Stored records:
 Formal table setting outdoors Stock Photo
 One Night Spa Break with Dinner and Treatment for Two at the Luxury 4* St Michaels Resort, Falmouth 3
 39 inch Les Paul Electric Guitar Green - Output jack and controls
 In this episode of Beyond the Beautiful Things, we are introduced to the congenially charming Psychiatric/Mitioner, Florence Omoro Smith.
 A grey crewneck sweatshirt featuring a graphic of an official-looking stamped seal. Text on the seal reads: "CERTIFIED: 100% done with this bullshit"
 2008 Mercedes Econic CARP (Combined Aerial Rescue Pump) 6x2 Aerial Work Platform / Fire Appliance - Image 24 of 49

**TASK**
Extract every line from the one containing "One Night Spa" through the last line of the data, inclusive, exactly as written.

**OUTPUT OF THE TASK**
 One Night Spa Break with Dinner and Treatment for Two at the Luxury 4* St Michaels Resort, Falmouth 3
 39 inch Les Paul Electric Guitar Green - Output jack and controls
 In this episode of Beyond the Beautiful Things, we are introduced to the congenially charming Psychiatric/Mitioner, Florence Omoro Smith.
 A grey crewneck sweatshirt featuring a graphic of an official-looking stamped seal. Text on the seal reads: "CERTIFIED: 100% done with this bullshit"
 2008 Mercedes Econic CARP (Combined Aerial Rescue Pump) 6x2 Aerial Work Platform / Fire Appliance - Image 24 of 49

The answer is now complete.